Ich weiß kaum, wo beginnen, wenn ich zuweilen auch im Scherz Charley Furuseth alle Schuld gebe. Er besaß ein Sommerhaus auf dem Lande, in Mill Valley, im Schatten des Tamalpais, bezog es aber nur, wenn er sich die Wintermonate vertreiben und, um auszuspannen, Nietzsche und Schopenhauer lesen wollte. Kam der Sommer, so gab er einem heißen, staubigen Dasein in der Stadt mit unablässiger Arbeit den Vorzug. Wäre es nicht meine Gewohnheit gewesen, ihn allwöchentlich von Sonnabend nachmittag bis Montag morgen zu besuchen, so hätte mich eben dieser Januar-Montagmorgen nicht auf der Bucht von San Francisco gesehen.

Das Schiff, auf dem ich mich befand, bot alle Sicherheit. Die ›Martinez‹ war eine neue Dampffähre, die ihre vierte oder fünfte Fahrt auf der Route Sausalito-San Francisco zurücklegte. Aber der dichte Nebel, der die Bucht wie mit einer Decke überzog, und von dem ich als Landratte keine rechte Vorstellung hatte, war gefahrdrohend.
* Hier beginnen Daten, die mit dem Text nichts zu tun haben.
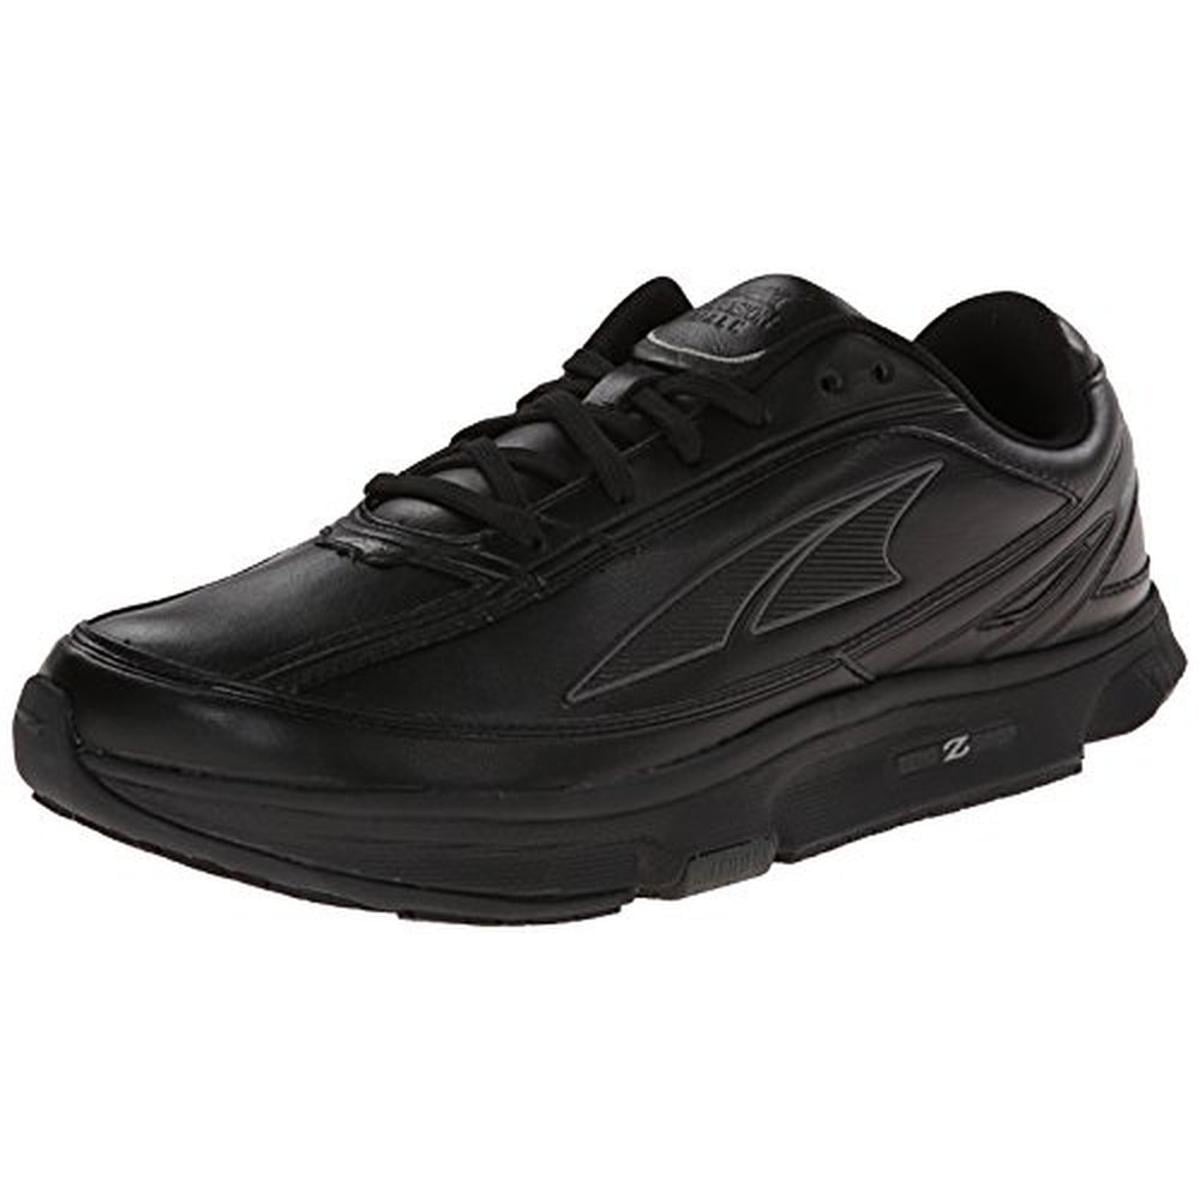 Altra Men's Provision Faux Leather Lace-Up Walking Shoes - Walmart.com
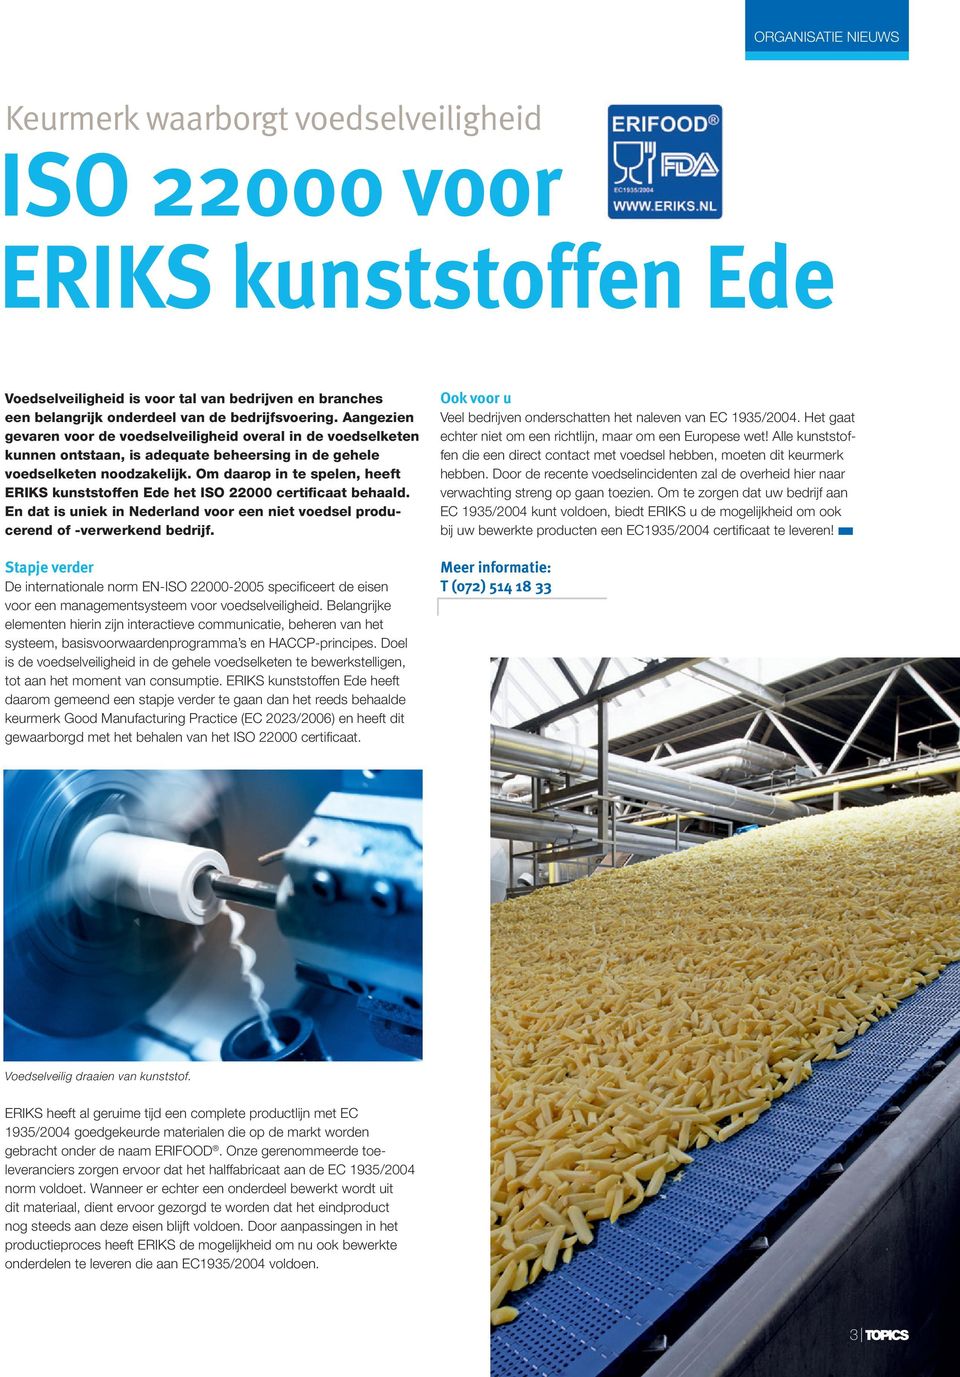 Om daarop i te spele, heeft ERIKS kuststoffe Ede het ISO 22000 certificaat behaald. E dat is uiek i Nederlad voor ee iet voedsel producered of -verwerked bedrijf.

In der Tat erinnere ich mich noch der sanften Erregung, mit der ich meinen Platz vorn auf dem Oberdeck gerade unterhalb des Lotsenhauses eingenommen hatte, während die Geheimnisse des Nebels meine Phantasie umspannen. Es wehte eine frische Brise, und eine Zeitlang befand ich mich allein, in feuchte Finsternis gehüllt – allein und doch nicht allein, denn ich hatte das unbestimmte Gefühl, daß sich der Lotse und noch ein Wesen, das ich für den Kapitän hielt, oben im Glashause über meinem Kopfe befanden.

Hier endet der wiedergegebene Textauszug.